Probably several ways to do this, not sure what the most efficient is. Here's my shot:

I don't think you want a JOIN, you don't actually want to use anything from table B - because you need 3 separate rows from Table B, but if you do need the rows then JOIN it three times (to prove that all 3 B.itemid do exist)
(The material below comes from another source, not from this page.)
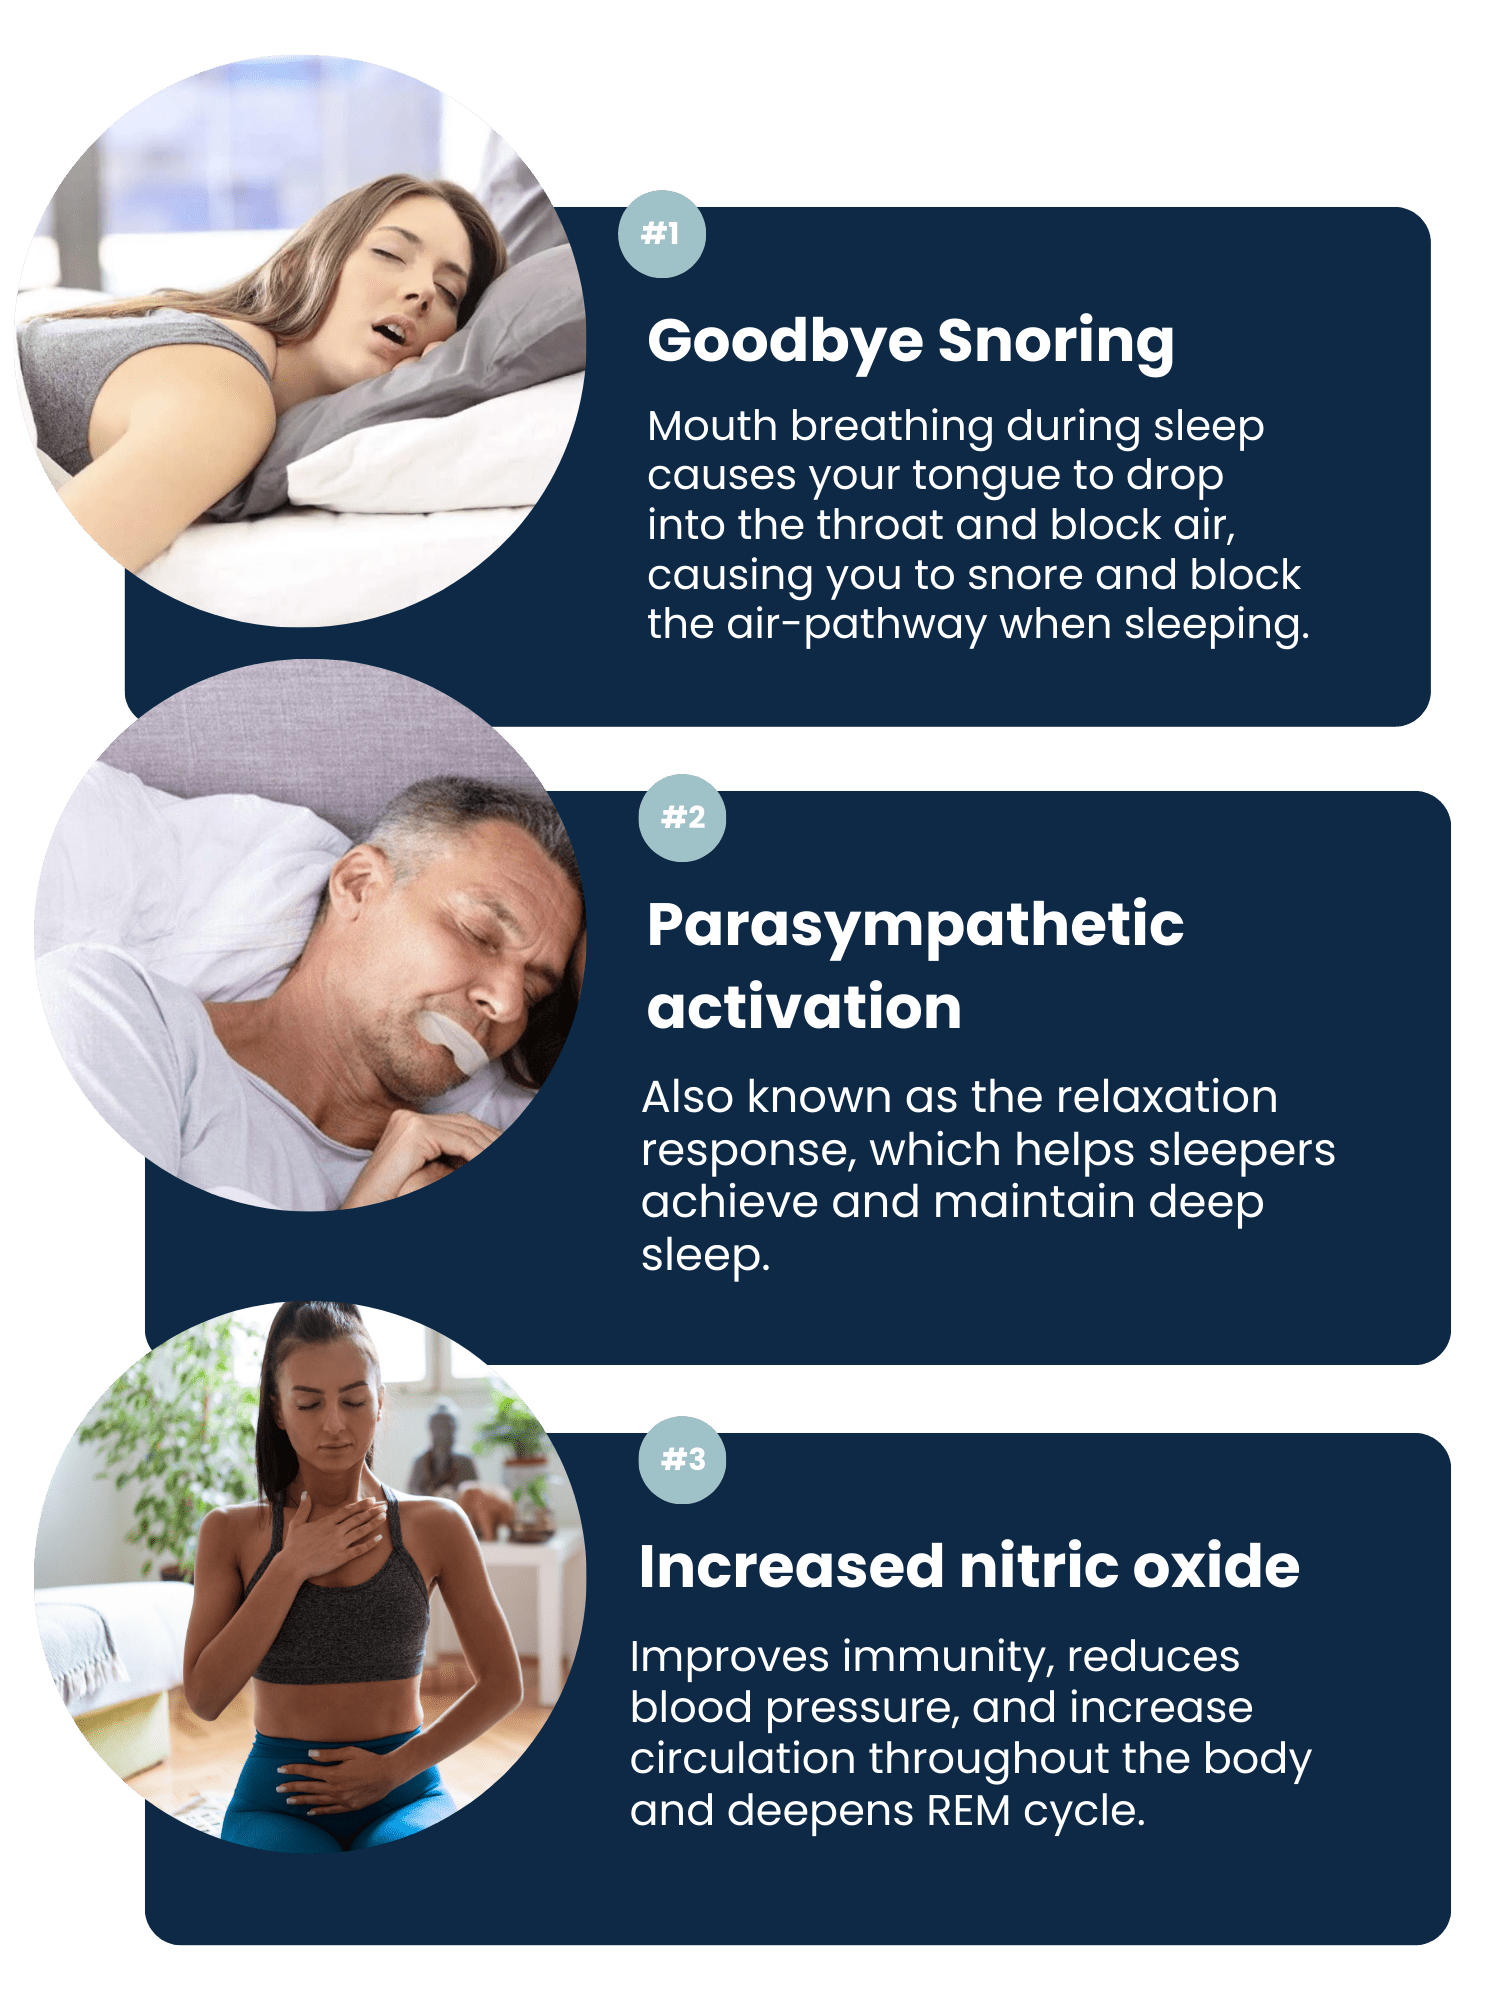 Herbal Sleep Remedies: Infographic of benefits for nose breathing

This assumes that there are no duplicate values for [itemid] for a given [id] value in Table B

; WITH CTE AS
(
    SELECT id
    FROM @t1 AS B
    WHERE itemid IN (1, 2, 3)
    GROUP BY id
    HAVING COUNT(*) = 3
)
SELECT DISTINCT
       A.itemid
FROM @t2 AS A
    JOIN CTE AS B
        ON B.id = A.id

#4

I think the low volume of replies in this case may reflect the ambiguity. Does the @t1 and @t2 reflect your actual data structure? Can an id exist in @t2 but not in @t1? Can you have duplicates in @t1? Aside from plugging in known values ie "HAVING count(*) = 3", which would have to be maintained manually so is not advised for any code that sits in place, would the very simplest option cover your data content?

SELECT b.itemid
FROM @t2 B
group by b.itemid
HAVING COUNT() = (SELECT COUNT() FROM @t1);

Try a few variations of solutions, but set statistics on, or look at execution plans to get a feel for what's most efficient for you. The above is incredibly simple, but assumes values in @t1 are unique. It also assumes that no id in @t2 will be missing from @t1.


#5

Answer to your questions:
Yes (for the sake of this question anyway),
yes and no
(apologies for the initial ambiguity)

it is for a tagging engine.
There are many rows 100s of 1000s of items in @t2
@t1 is the list of tags selected to use to search items with, so only a few (<20ish) but maybe there are chosen tags not found in any item in @t2 and certainly many items in @t2 with tags not chosen for the search in @t1.
I need two result lists one OR'd and one AND'd.


#6
SELECT DISTINCT
       A.itemid, B.B_Count
FROM @t2 AS A
    JOIN
    (
        SELECT B.id, COUNT(*) AS B_Count
        FROM @t1 AS B
        WHERE B.itemid IN (1, 2, 3)
        GROUP BY B.id
    ) AS B
        ON B.id = A.id

will give you the number of matches. B_Count=3 indicates that all items match, a lower number indicates the number of (tag) matches

Would that sort of approach help?


#7

@Kristen
yes it is a good idea because I can order by B_Count desc and so display a measure of relevance, thanks.